Бабушка закрыла глаза. Она прислонилась к простенку и широко открыла рот. Ефрейтор засмеялся. К нему вернулось хорошее настроение.
— Яик дай, молока, — попросил он снисходительно.
— Молока?
Женщина вдумалась в это слово. Молоко. Она выкормила трех сыновей. Один из них стал в этой войне генералом. Он оставил ей на сохранение своего сына, ее внучонка, а пришли эти люди и убили его. Убили и Леню. Сына председателя колхоза, тоже ее внука. Так неужели она будет кормить их, убийц!
— Молока? — переспросила женщина, и злая радость мщения озарила ее. — Я не дам молока…
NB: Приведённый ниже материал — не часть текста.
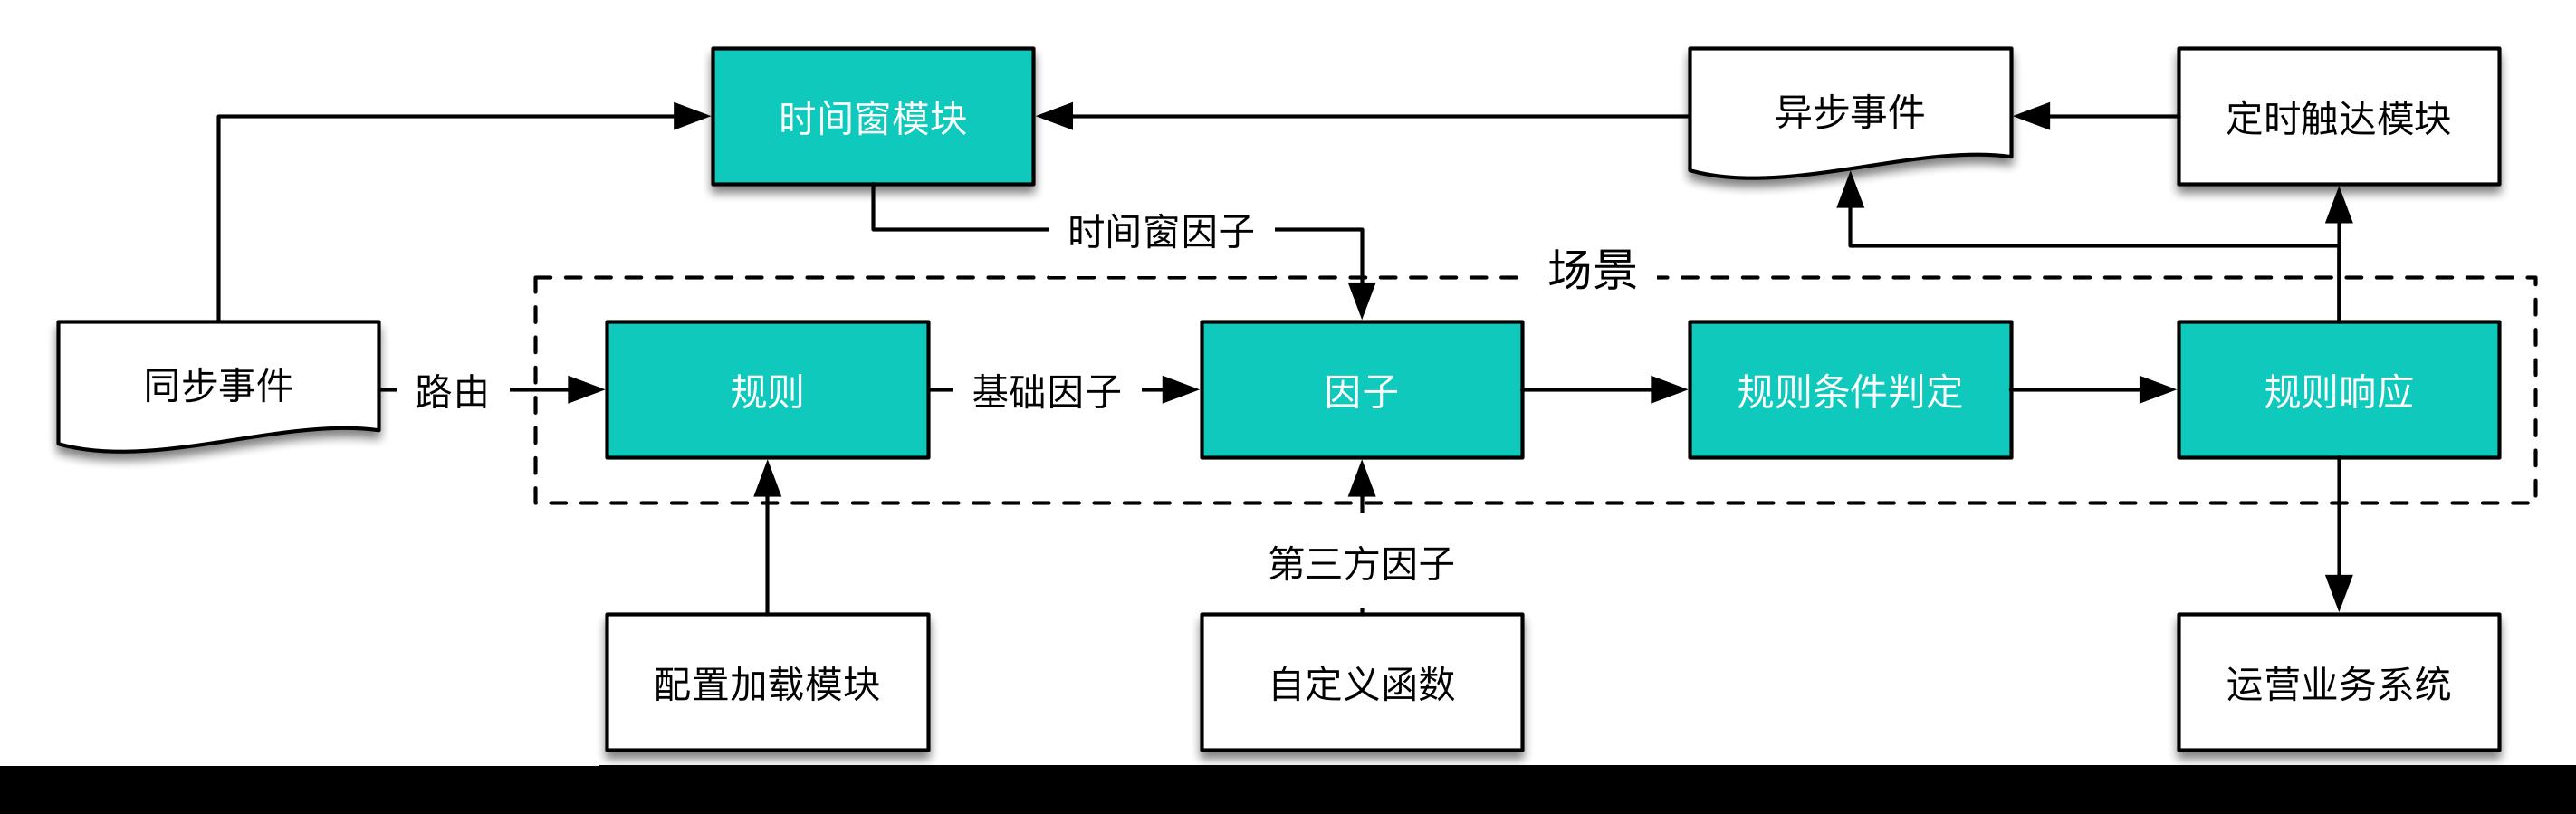 图3  规则引擎处理流程图

— Ну! — сказал ефрейтор, беря оружие.
Женщина пятясь вышла из комнаты. Она долго не возвращалась. Потом вернулась с крынкой молока. Оно было холодновато и после водки казалось прекрасным, хотя и имело странный привкус. Накинув шубу, старуха покинула гостей. Лес манил ее к себе запахами и тишиной.
Возвратилась она, когда село уже было занято нашими танками. Она посмотрела в оконце своей избы.
— Бабушка! Бабушка! — закричал Ленька.
Бабушка неуверенно вошла внутрь. На печи сидели внучата и со страхом смотрели на двух гитлеровцев, застывших в неестественных позах, с желтой пеной у рта.
— Их бабушка стрихнином угостила, — сказал Ленька. — Бр-р-р!